Children with juvenile idiopathic arthritis (JIA) generally saw rheumatologists within the recommended wait times, a Canadian single-center study found.
Older patients waited longer, highlighting the need for better monitoring of this important measure of quality care in JIA, the researchers said.
The study, “Patient factors associated with waiting time to pediatric rheumatologist consultation for patients with juvenile idiopathic arthritis,” was published in the journal Pediatric Rheumatology.
Researchers at the University of Calgary’s Cumming School of Medicine assessed wait times at a pediatric rheumatology center, seeking to identify factors associated with longer wait times.
They collected data on 164 eligible patients enrolled in a pharmacogenetic study in Alberta between 2002 and 2018, including dates of referral and first rheumatology visits.
Of the total, 116 patients (71%) were female, and median age at diagnosis was 8. The most common disease subtype was oligoarticular JIA (75 patients, or 46%), with rheumatoid factor (RF)-negative polyarticular JIA found in 48 patients (29%), and sJIA in six (4%).
The median distance between a patient’s home and the clinic was 22.8 km (about 14 miles).
Median wait time was 22 days between referral and pediatric rheumatologist visit, with no differences across JIA subtypes.
Most sJIA cases (67%) met the benchmark of seven days, with a median wait time of 1.5 days. Other JIA types also had high rates of benchmark adherence, namely RF-positive JIA (71%) and oligoarticular JIA (69%). In turn, fewer patients with psoriatic JIA (38%) and enthesitis-related arthritis (45%) met the four-week benchmark.
“Overall, 62% of JIA cases were seen within the established WT [wait time] benchmarks,” the researchers wrote.
Longer wait times were significantly associated with older age, but not other variables such as sex, pain, or inflammation. This was also observed in a previous French study, which identified joint pain and the presence of enthesitis as other factors contributing to longer wait times, while inflammatory markers and joint swelling and limping were linked to shorter times.

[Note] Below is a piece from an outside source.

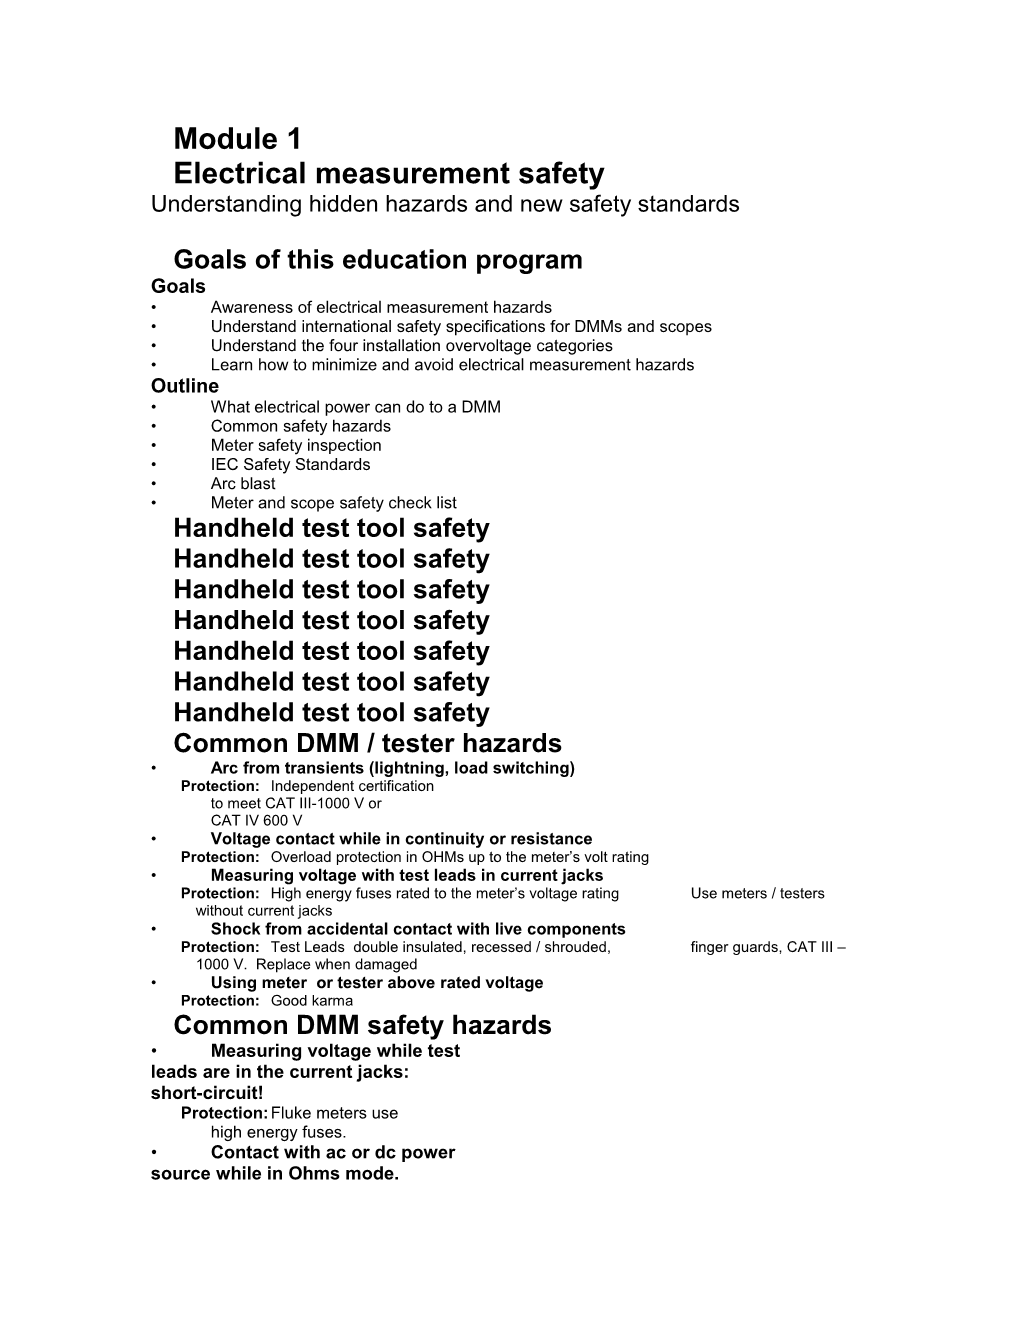 Understanding Hidden Hazards and New Safety Standards
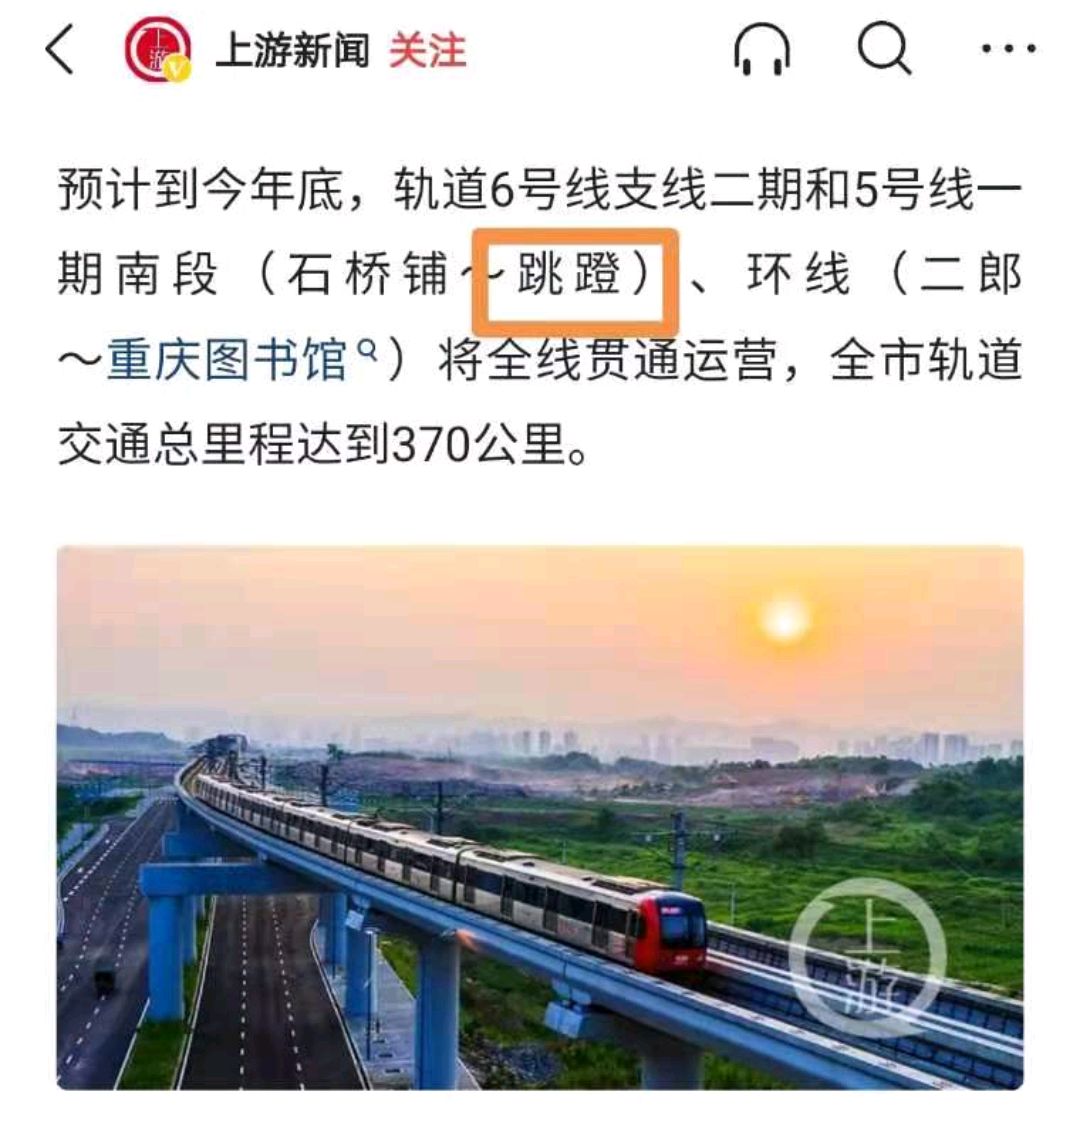 重庆轨道交通5号线跳deng站到底是蹬还是磴?

“It is possible that younger patients with oligoarthritis present more frequently with knee arthritis and limping, which is readily identified,” the researchers said. “Older children may also be less likely to bring non-painful swollen joints to the attention of family and healthcare providers.”
The study’s limitations included the small numbers of patients in some JIA categories, lack of information about symptom onset, and lack of ethnic diversity (72% of patients were Caucasian), which collectively may have affected data significance and extrapolation to other communities.
“While the median WTs for patients with JIA in this study met the national benchmarks, 38% of patients still experienced longer WTs for appointments indicating additional work needs to be done to improve access to pediatric rheumatology care,” the scientists said.